- **The task**
Copy the data exactly, pictures aside.

- **Source material**

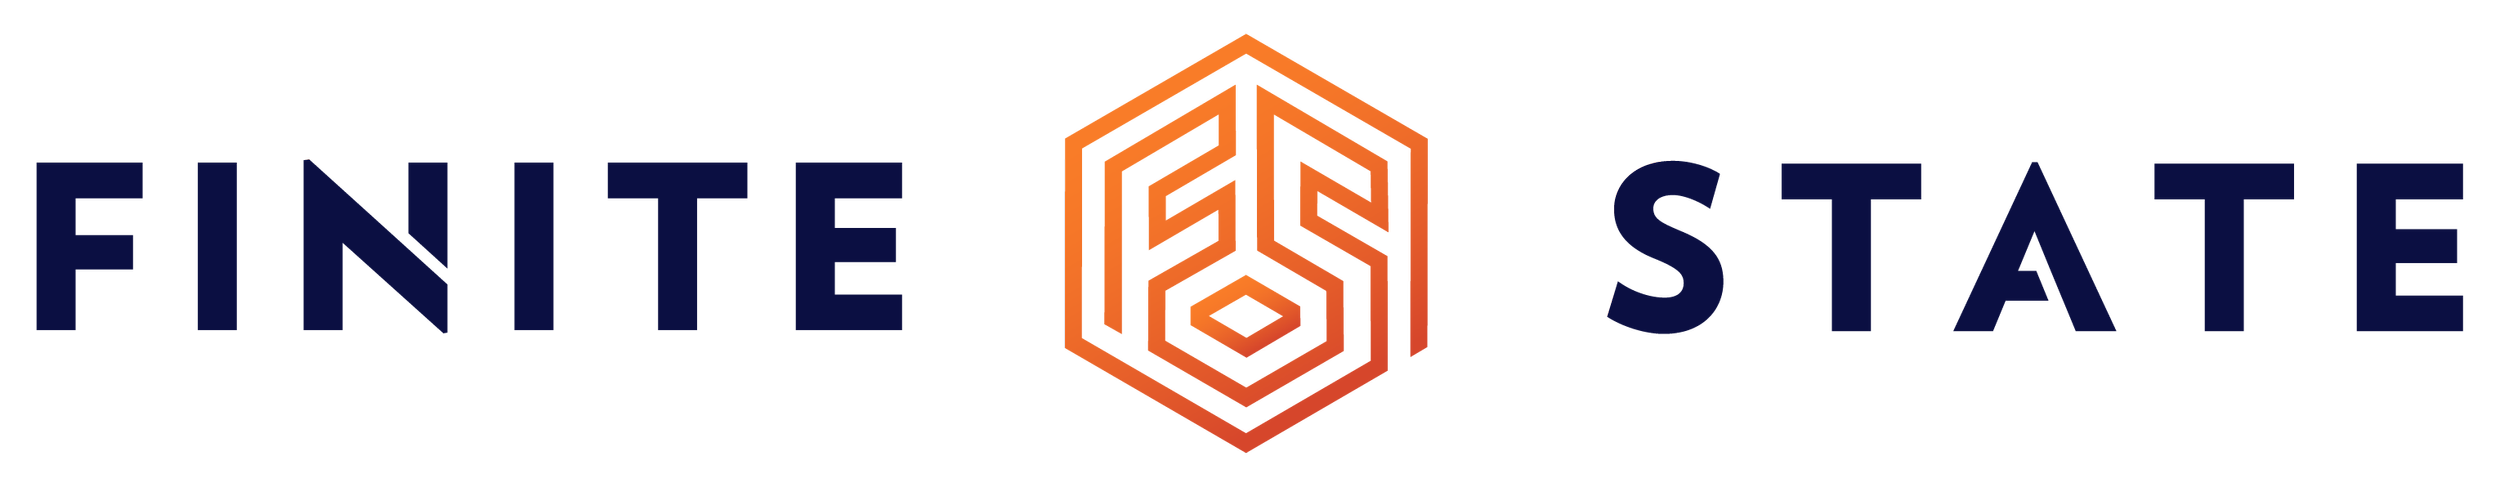 FS-Logo-Final-01.png
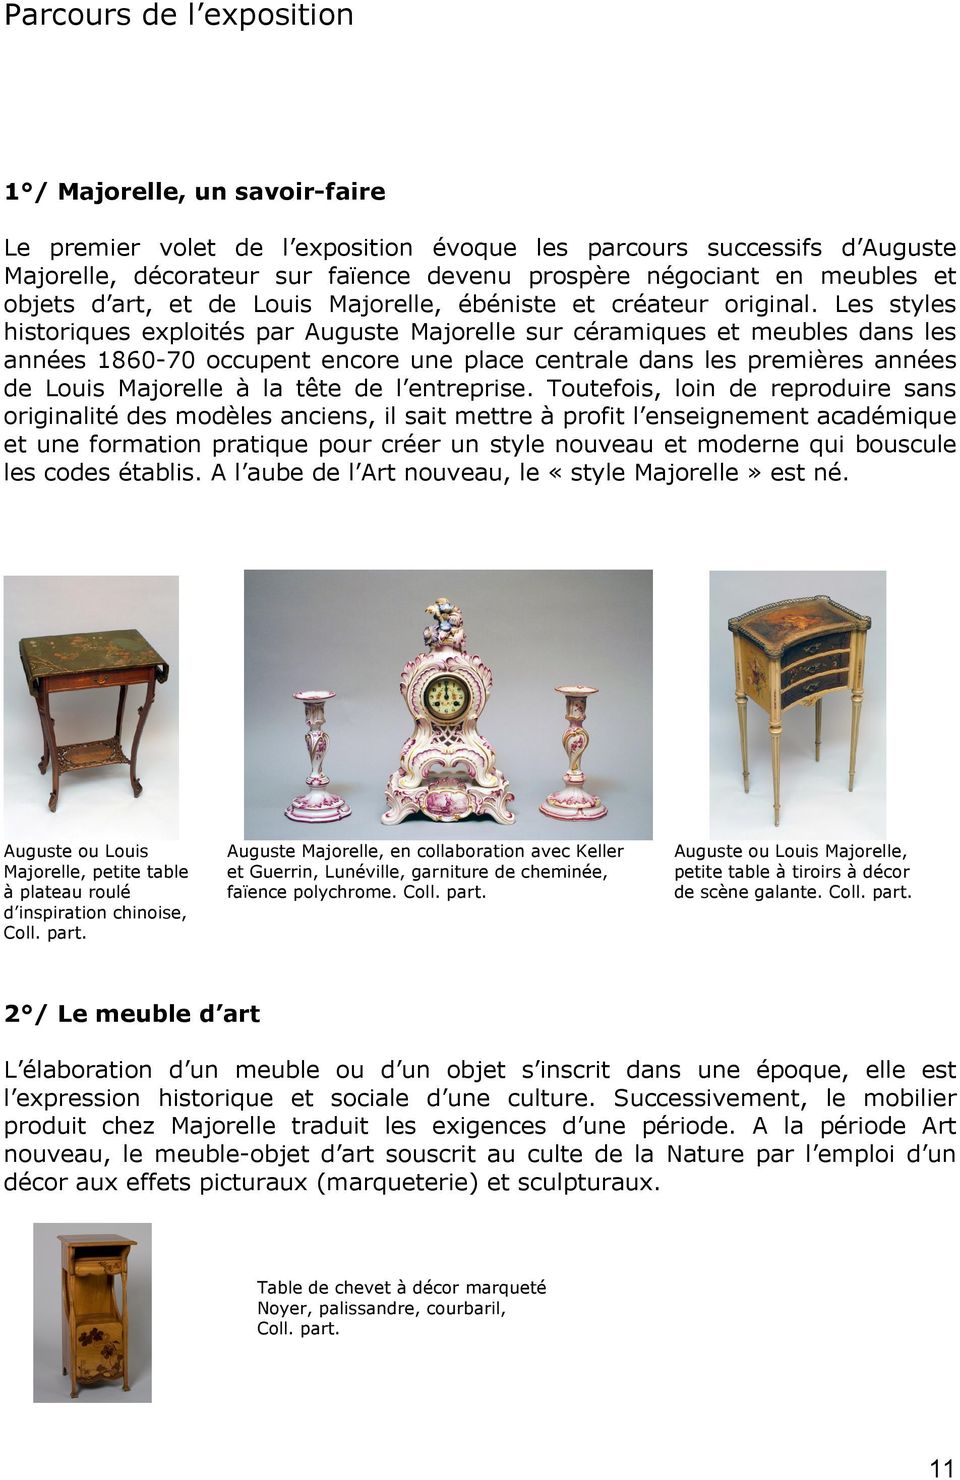 Les styles historiques exploités par Auguste Majorelle sur céramiques et meubles dans les années 1860-70 occupent encore une place centrale dans les premières années de Louis Majorelle à la tête de l
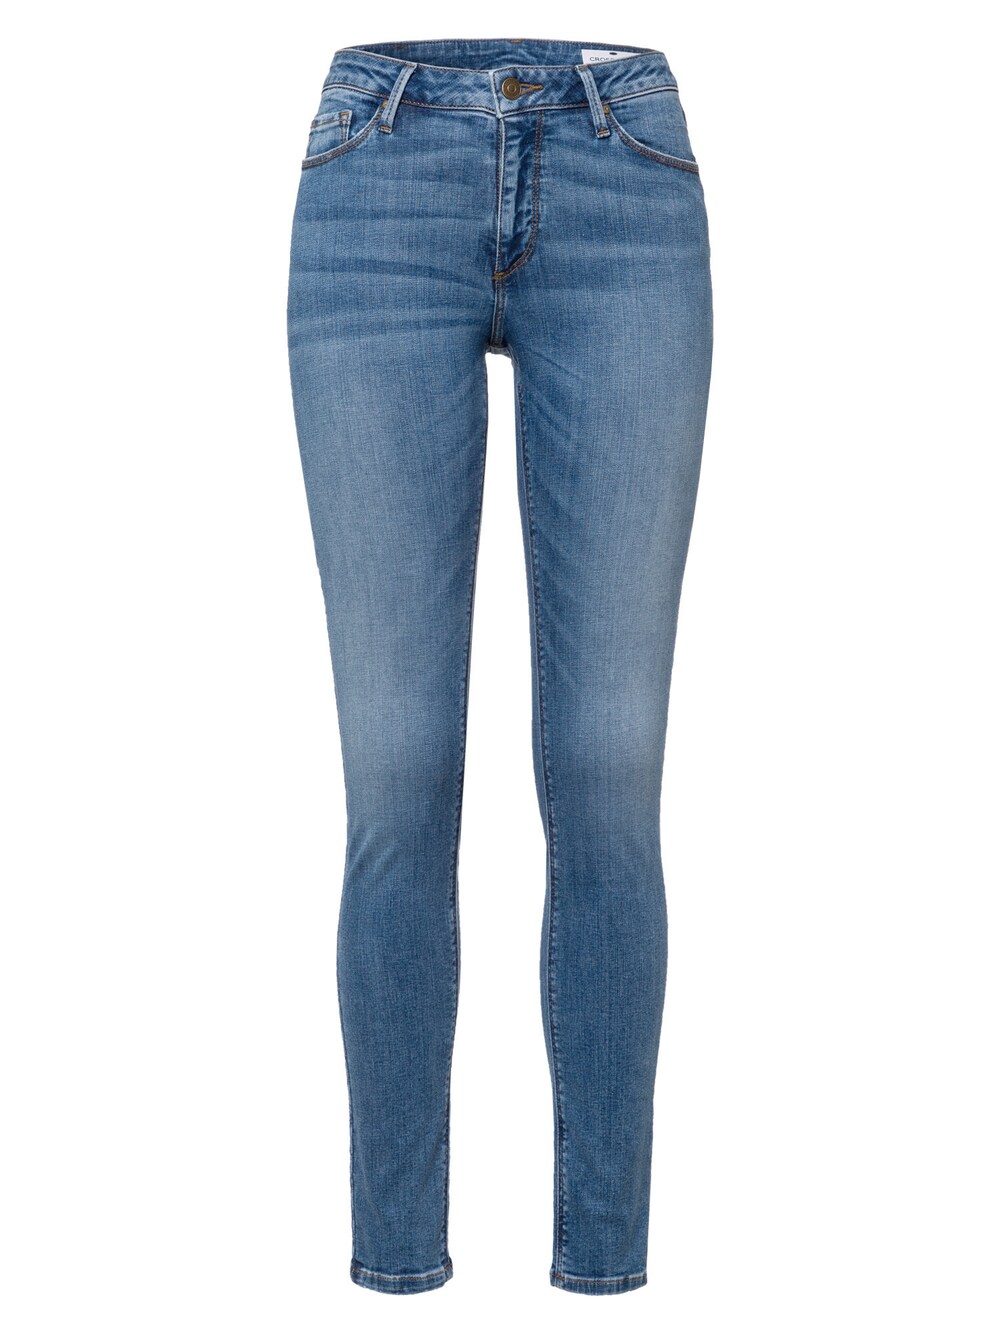 Узкие джинсы Cross Jeans Alan, синий

- **Solution**
 FS-Logo-Final-01.png
 Les styles historiques exploités par Auguste Majorelle sur céramiques et meubles dans les années 1860-70 occupent encore une place centrale dans les premières années de Louis Majorelle à la tête de l
 Узкие джинсы Cross Jeans Alan, синий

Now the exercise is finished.